■ Task instructions: Write out, word for word, every line in the data below from the one containing "Simple Parenting - Plástico" to the one containing "c650ef4d678 Barbie Color", both of them included.

(Available records begins)

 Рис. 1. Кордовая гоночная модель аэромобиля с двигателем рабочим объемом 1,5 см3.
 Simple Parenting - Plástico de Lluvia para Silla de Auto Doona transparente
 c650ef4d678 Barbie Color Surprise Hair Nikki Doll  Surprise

(Available records ends)
(Available records begins)

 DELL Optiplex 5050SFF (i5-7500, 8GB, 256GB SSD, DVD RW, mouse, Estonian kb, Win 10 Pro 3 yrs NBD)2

(Available records ends)

■ Solution to this problem:
 Simple Parenting - Plástico de Lluvia para Silla de Auto Doona transparente
 c650ef4d678 Barbie Color Surprise Hair Nikki Doll  Surprise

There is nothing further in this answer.